**Directions:** Which lines of the data below include the string "Black"? Return each of them.
┄┄┄┄┄┄┄┄┄┄
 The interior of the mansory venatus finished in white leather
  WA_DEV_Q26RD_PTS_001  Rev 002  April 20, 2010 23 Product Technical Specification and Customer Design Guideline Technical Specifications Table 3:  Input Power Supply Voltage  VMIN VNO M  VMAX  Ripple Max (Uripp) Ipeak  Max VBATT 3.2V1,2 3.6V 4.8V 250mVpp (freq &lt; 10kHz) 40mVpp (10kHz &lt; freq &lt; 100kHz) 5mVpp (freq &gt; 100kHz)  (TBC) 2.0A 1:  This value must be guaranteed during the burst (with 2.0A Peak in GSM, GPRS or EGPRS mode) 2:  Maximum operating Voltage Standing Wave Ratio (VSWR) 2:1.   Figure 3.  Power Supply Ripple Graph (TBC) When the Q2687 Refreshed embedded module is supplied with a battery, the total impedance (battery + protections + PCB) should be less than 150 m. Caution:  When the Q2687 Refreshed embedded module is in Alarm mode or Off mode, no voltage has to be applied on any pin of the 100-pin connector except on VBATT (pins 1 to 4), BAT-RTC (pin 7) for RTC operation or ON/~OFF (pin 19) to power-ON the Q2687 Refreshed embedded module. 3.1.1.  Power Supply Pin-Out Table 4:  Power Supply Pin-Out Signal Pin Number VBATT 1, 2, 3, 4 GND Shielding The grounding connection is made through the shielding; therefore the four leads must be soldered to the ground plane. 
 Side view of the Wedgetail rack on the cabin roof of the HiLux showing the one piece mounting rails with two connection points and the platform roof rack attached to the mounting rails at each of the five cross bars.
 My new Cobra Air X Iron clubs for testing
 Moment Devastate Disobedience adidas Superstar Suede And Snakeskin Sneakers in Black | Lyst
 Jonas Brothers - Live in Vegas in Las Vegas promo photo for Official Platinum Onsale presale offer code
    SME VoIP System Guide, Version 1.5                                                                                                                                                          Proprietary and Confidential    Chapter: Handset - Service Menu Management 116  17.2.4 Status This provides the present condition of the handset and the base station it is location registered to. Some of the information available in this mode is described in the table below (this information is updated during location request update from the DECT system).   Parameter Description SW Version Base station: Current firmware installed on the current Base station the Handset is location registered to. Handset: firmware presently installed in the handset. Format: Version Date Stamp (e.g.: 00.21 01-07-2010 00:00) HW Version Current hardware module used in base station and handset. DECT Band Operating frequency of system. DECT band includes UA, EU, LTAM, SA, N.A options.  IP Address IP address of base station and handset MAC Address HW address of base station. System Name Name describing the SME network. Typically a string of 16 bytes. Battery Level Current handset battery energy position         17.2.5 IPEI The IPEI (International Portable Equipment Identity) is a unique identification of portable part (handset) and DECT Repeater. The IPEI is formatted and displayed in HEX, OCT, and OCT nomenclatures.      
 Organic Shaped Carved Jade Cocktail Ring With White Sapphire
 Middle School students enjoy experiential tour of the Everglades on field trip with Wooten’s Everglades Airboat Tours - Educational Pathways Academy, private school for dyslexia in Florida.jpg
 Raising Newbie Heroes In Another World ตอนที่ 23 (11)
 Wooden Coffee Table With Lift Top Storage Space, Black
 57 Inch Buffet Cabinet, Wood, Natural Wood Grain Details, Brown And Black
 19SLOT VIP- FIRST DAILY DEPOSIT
┄┄┄┄┄┄┄┄┄┄
**Answer for the task:**
 Moment Devastate Disobedience adidas Superstar Suede And Snakeskin Sneakers in Black | Lyst
 Wooden Coffee Table With Lift Top Storage Space, Black
 57 Inch Buffet Cabinet, Wood, Natural Wood Grain Details, Brown And Black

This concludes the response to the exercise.